Exercise aim — Take the lines below from the one with "台南地區排水系統治理成效-2_圖示" through the one with "Immagine antropomorfica della" and retype them exactly. Include nothing else, and no pictures.

Supplied material —
^^^^^^^^^^^^^^^^

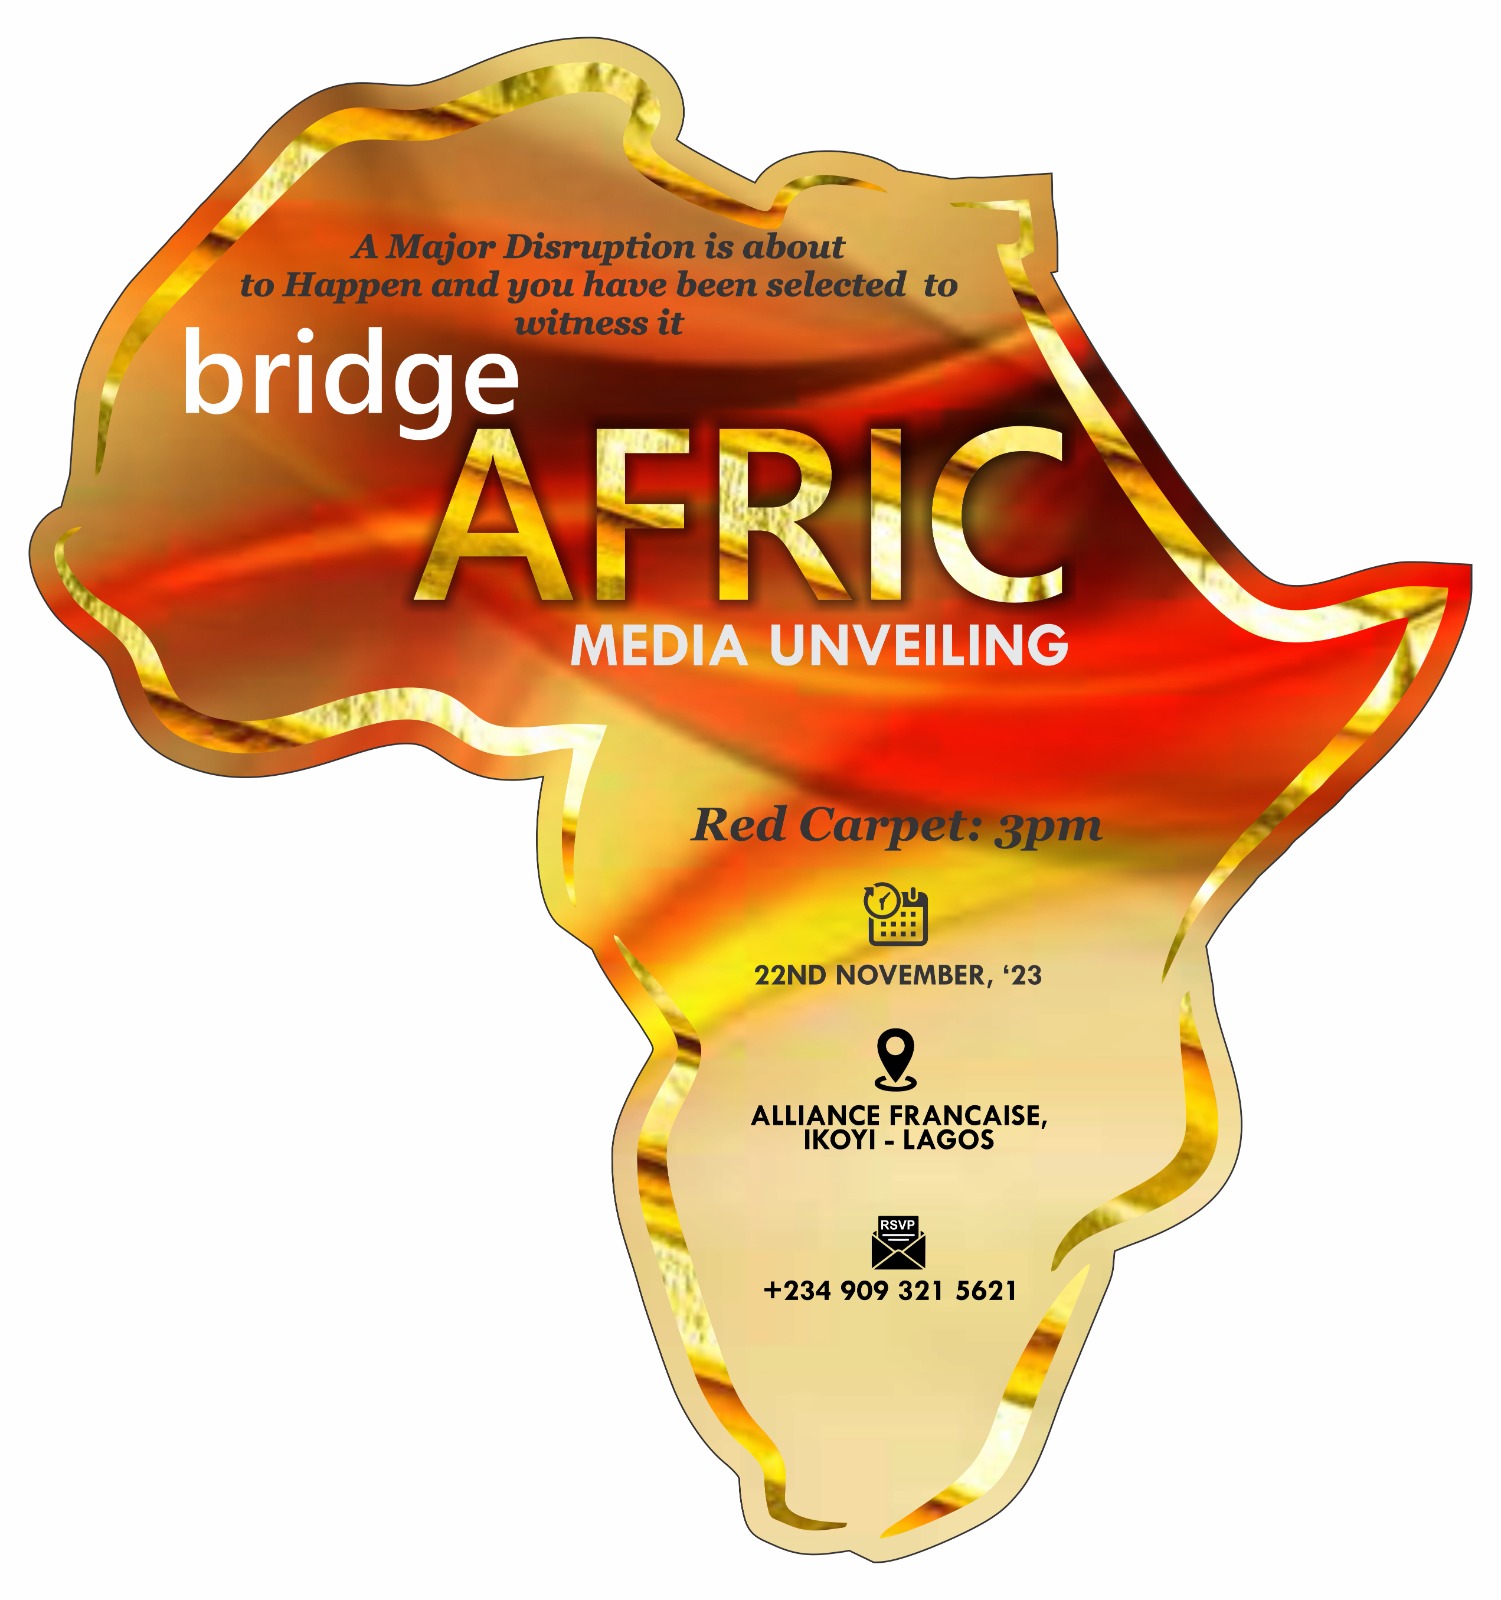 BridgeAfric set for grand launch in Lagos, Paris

^^^^^^^^^^^^^^^^

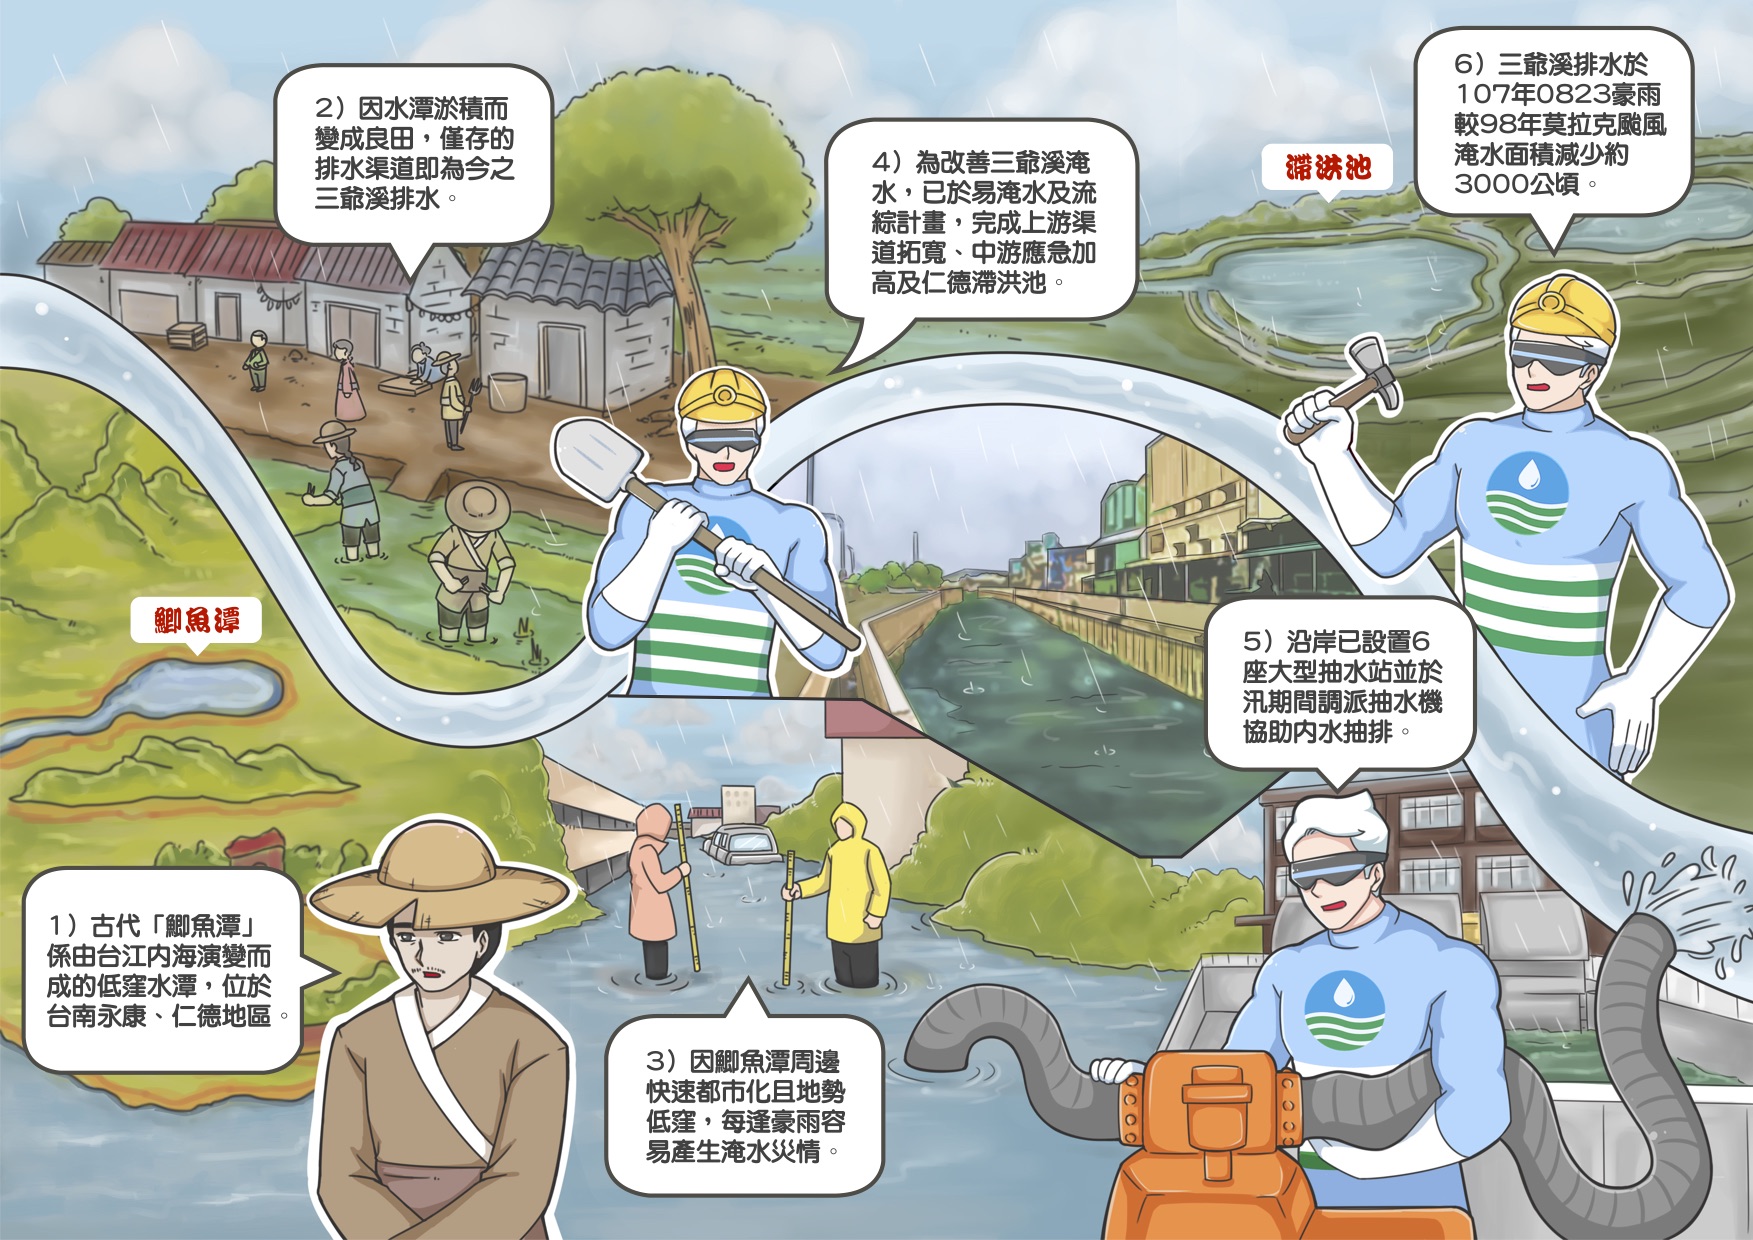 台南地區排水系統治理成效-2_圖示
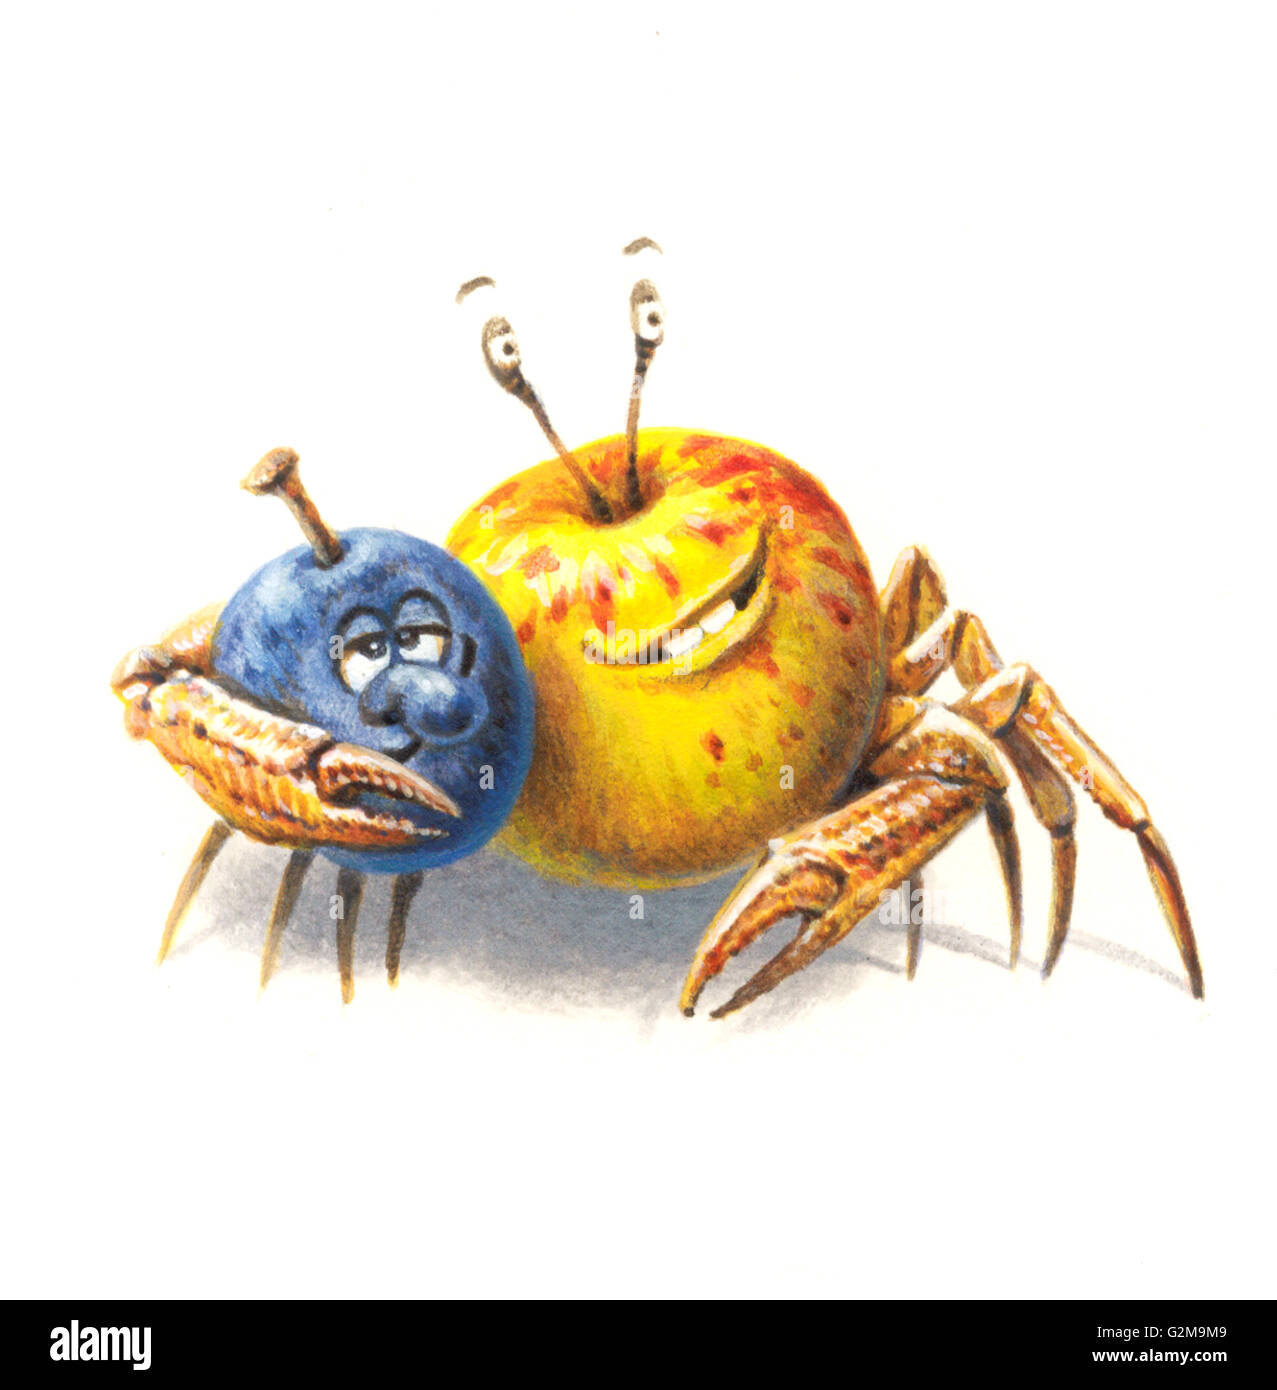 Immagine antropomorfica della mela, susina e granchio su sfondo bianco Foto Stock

^^^^^^^^^^^^^^^^

Task result —
 台南地區排水系統治理成效-2_圖示
 Immagine antropomorfica della mela, susina e granchio su sfondo bianco Foto Stock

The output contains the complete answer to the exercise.